- [Try it]:
Only the lines from the one that contains "Saturday Strength Training" through the last line of the data below should be duplicated, exactly and without pictures.

- [Data section]:
- Opening Delimiter -
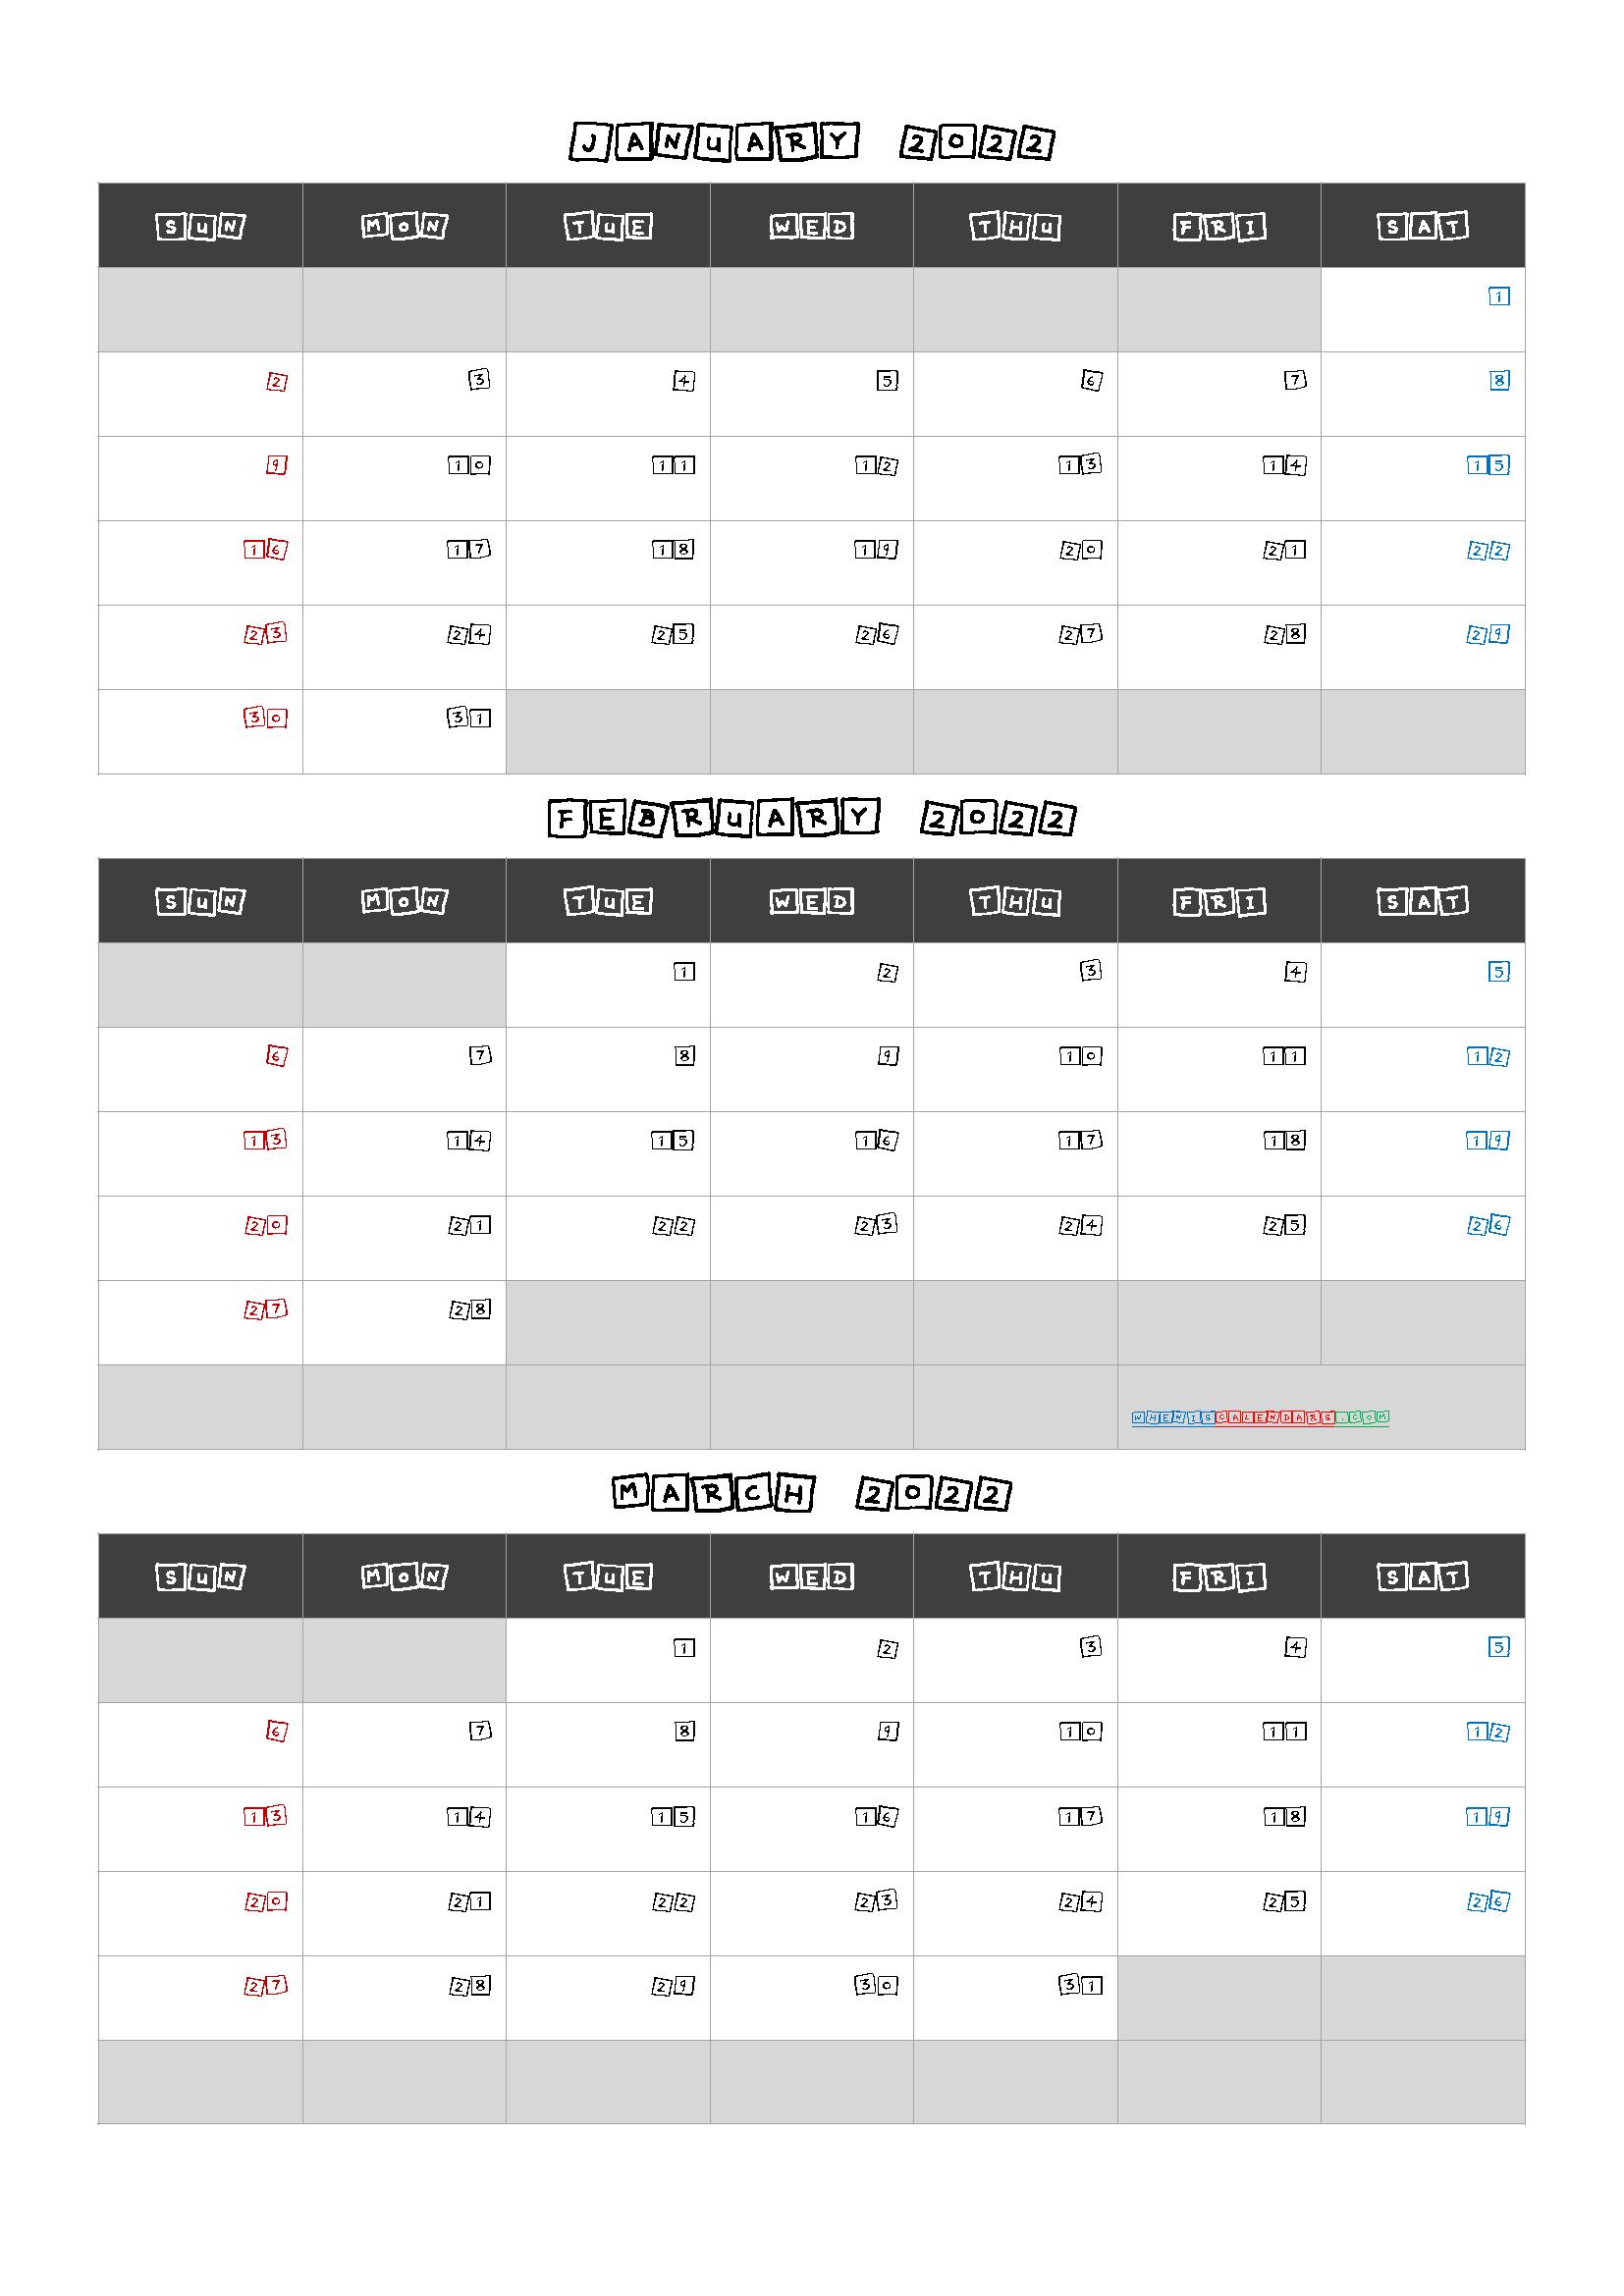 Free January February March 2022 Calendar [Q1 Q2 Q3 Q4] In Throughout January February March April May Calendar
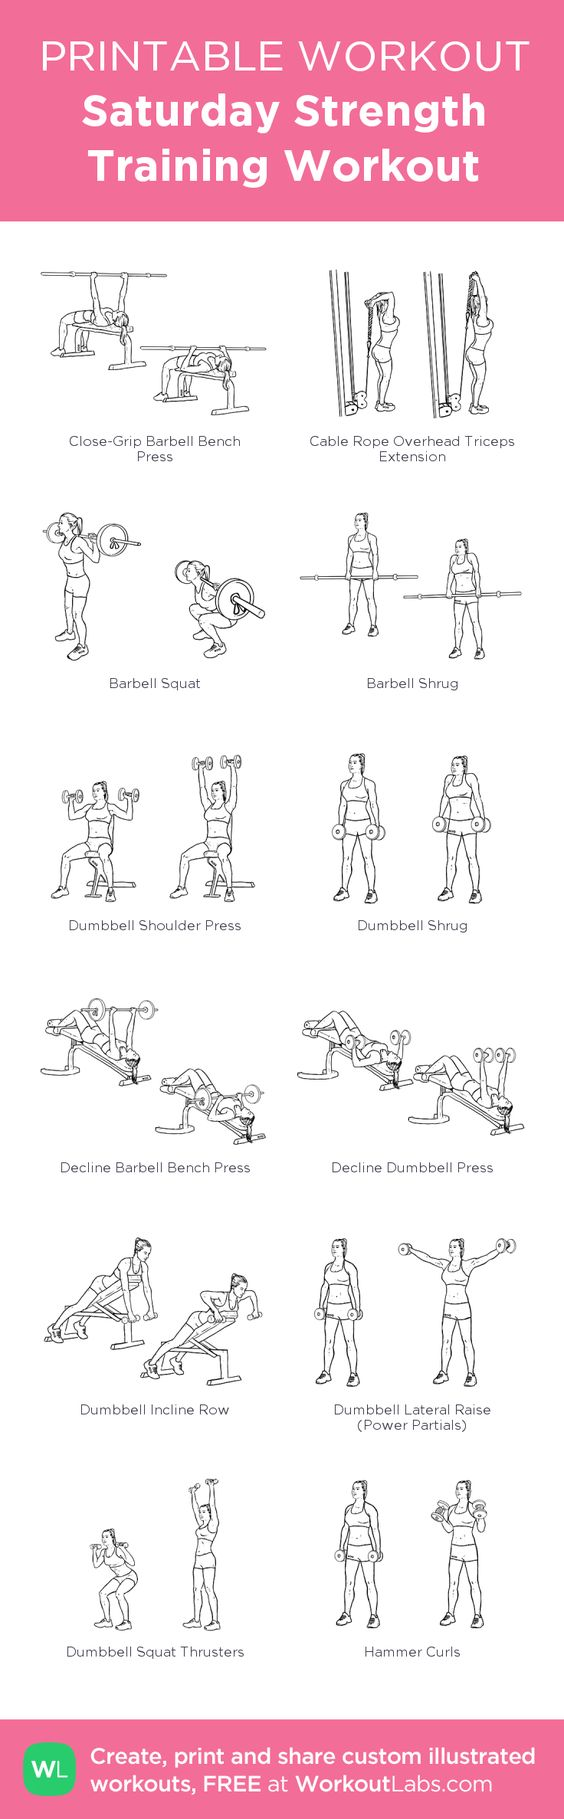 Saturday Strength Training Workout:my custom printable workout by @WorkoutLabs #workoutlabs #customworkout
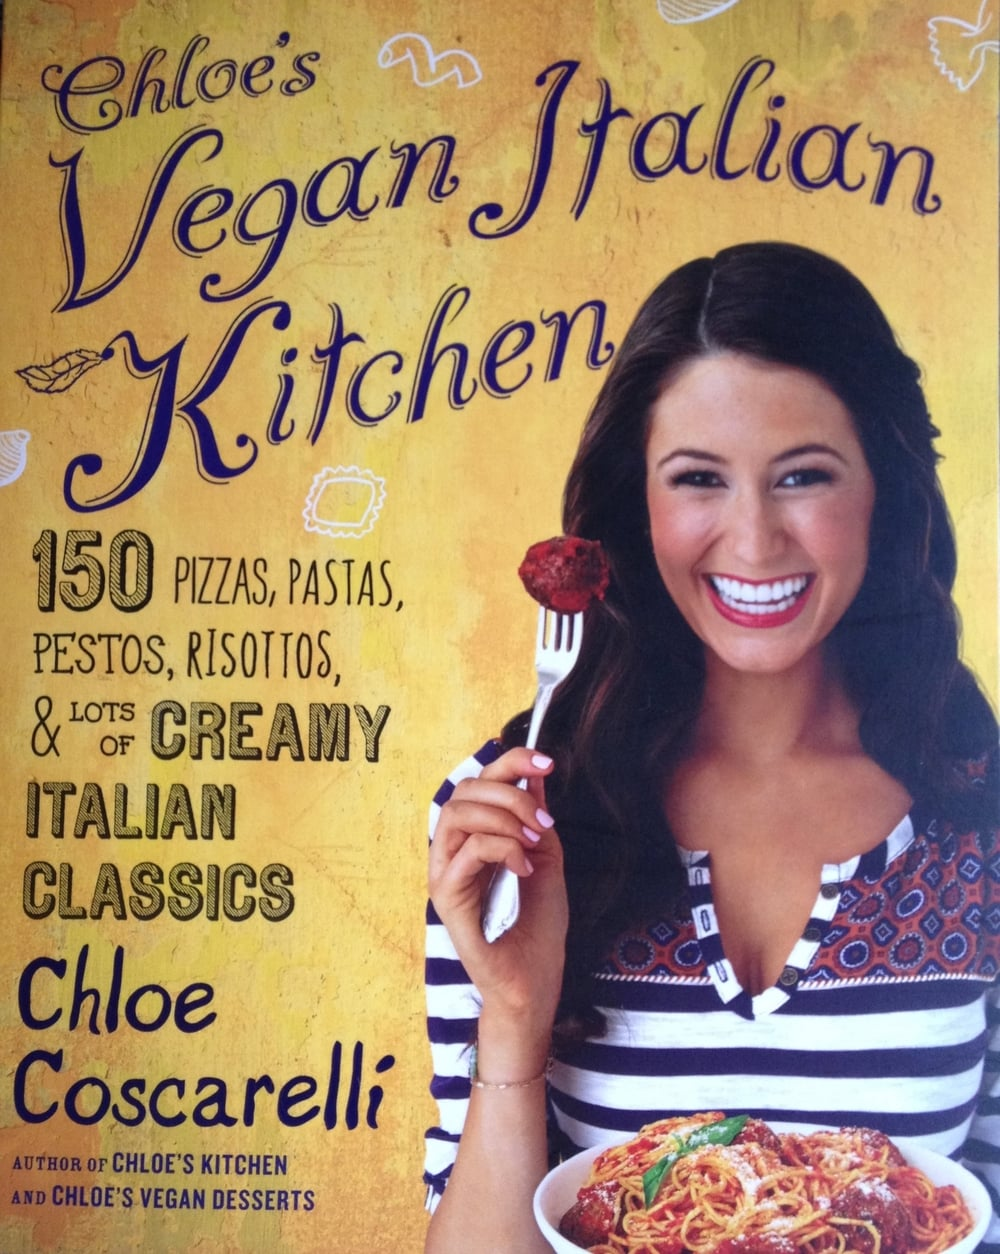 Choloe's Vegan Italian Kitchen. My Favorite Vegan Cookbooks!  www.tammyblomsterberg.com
- Closing Delimiter -
- [Task result]:
 Saturday Strength Training Workout:my custom printable workout by @WorkoutLabs #workoutlabs #customworkout
 Choloe's Vegan Italian Kitchen. My Favorite Vegan Cookbooks!  www.tammyblomsterberg.com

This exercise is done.